Clearly, we have $d>1$. Denote $$ n_r=\sum_{i=1}^\infty a_i^r\in\mathbb N. $$ Choose some $k$ such that $$ \sum_{i>k}a_i<\frac1{2d} $$ (all $k$ greater than some $k_0$ fit). Set $$ P(x)=(x-a_1)\dots(x-a_k)=x^k+p_{k-1}x^{k-1}+\dots+p_0. $$
Now, look at the rows $m_0,\dots,m_{3k}$ of the matrix $M_{k,s}=[n_{s+i+j}]_{0\leq i,j\leq 3k}$ (for some large $s$). We see that for every $i\geq k$ the elements of $$ m_i'=m_i+p_{k-1}m_{i-1}+\dots+p_0m_{i-k} $$ are expressed via the sums of large powers of $a_i$, $i>k$, with bounded coefficients. Thus all elements of $m_i'$ are less than $C_k/(2d)^s$ with some constant $C_k$ depending only on $k$. On the other hand, the entries of $m_0,\dots,m_{k-1}$ do not exceed $\alpha_k kd^{s+k}$ for some constant $\alpha_k$ also depending on $k$ only.

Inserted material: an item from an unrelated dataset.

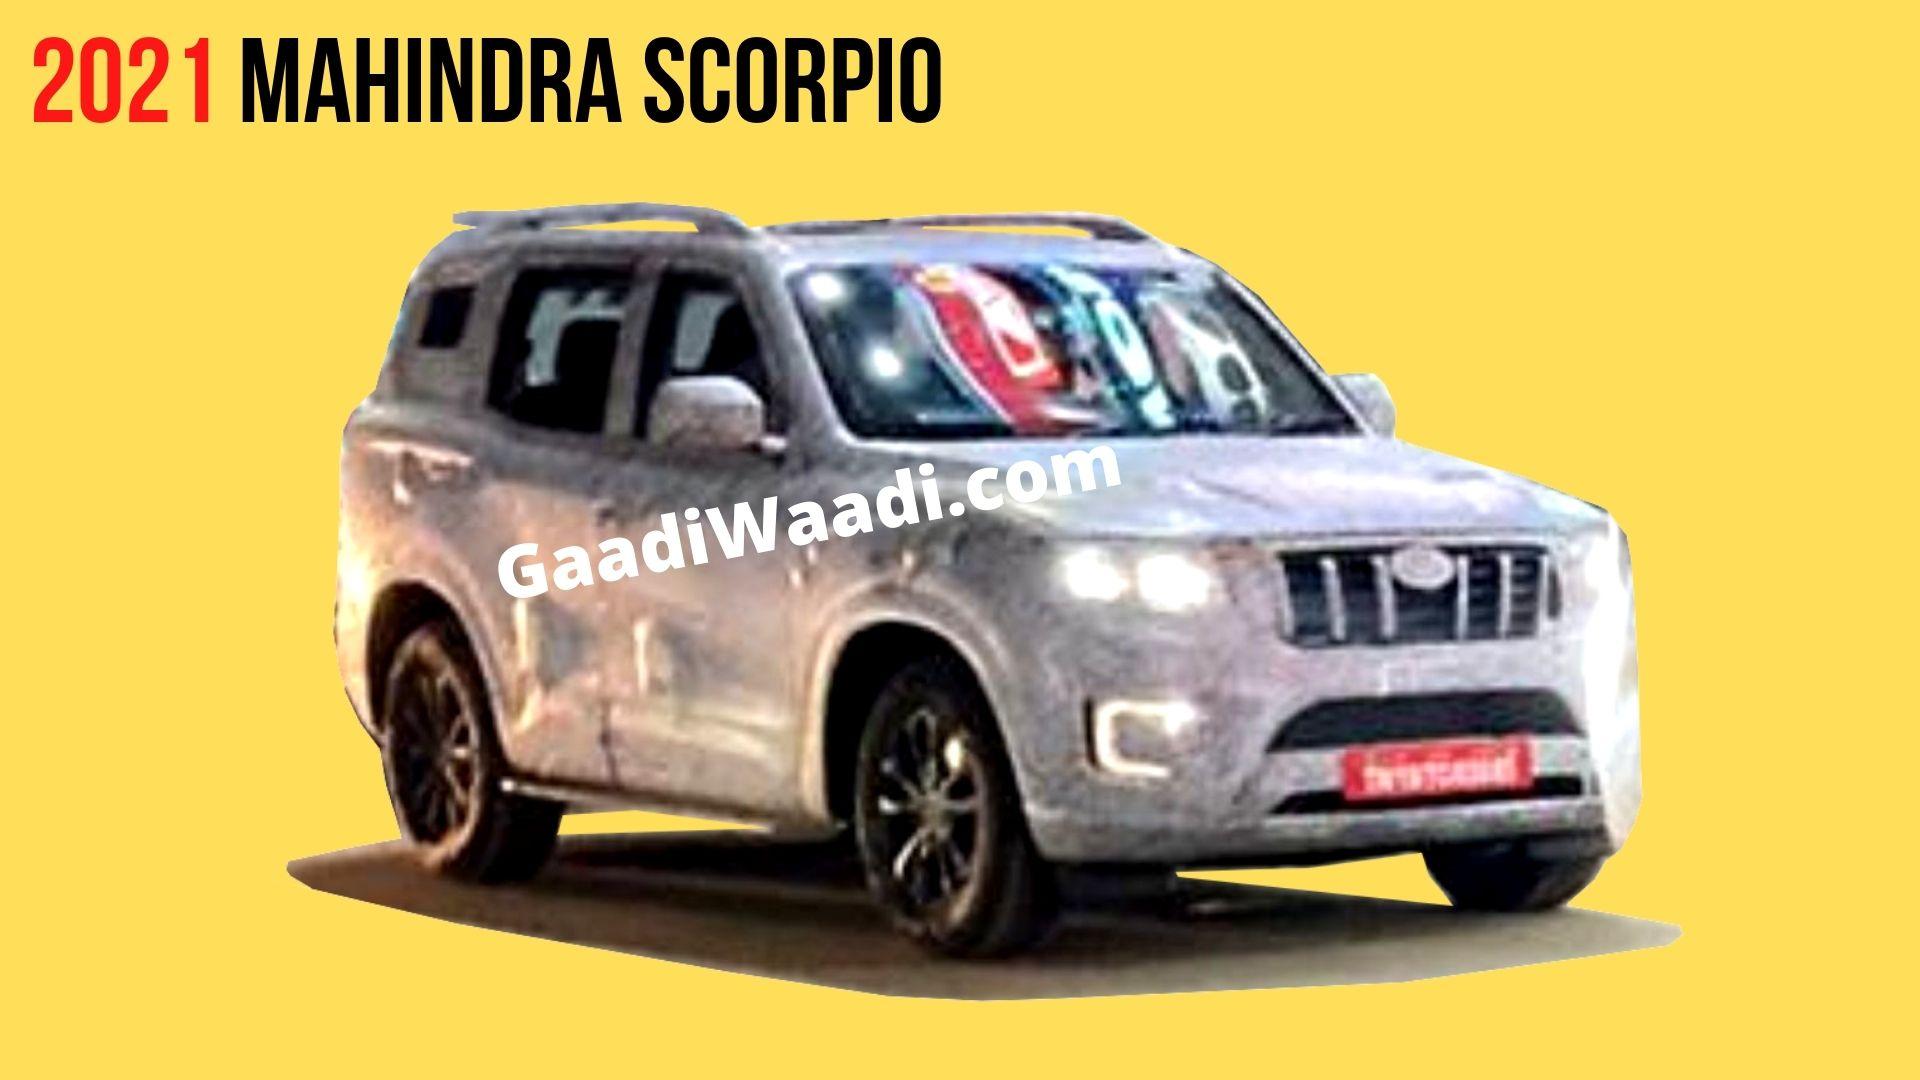 Mahindra Scorpio Next-Gen Alloy Wheel Design Revealed In New Spy Shots

Replacing the $m_i$ with $m_i'$ does not chande $\det M_{s,k}$, so $$ \det M_{s,k}\leq (3k)!\cdot (\alpha_kkd^{s+k})^k\cdot \left(\frac{C_k}{(2d)^s}\right)^{2k} $$ which tends to $0$ as $s\to\infty$. On the other hand, $\det M_{s,k}$ is integer, so $\det M_{s,k}=0$ for all sufficiently large $s\geq s_k$.
Now I would like to say that this yields $(n_r)$ be a linear recurrent sequence from some moment. Ptifully, this is not true in general, but perhaps some argument may fill this?
Notice that if $(n_r)$ were linear recurrent, the rest is easy. Indeed, we may prove inductively (assuming $a_1\geq a_2\geq \dots$) that all nonzero $a_i$ are the roots of its characteristic polynomial, so they are finitely many.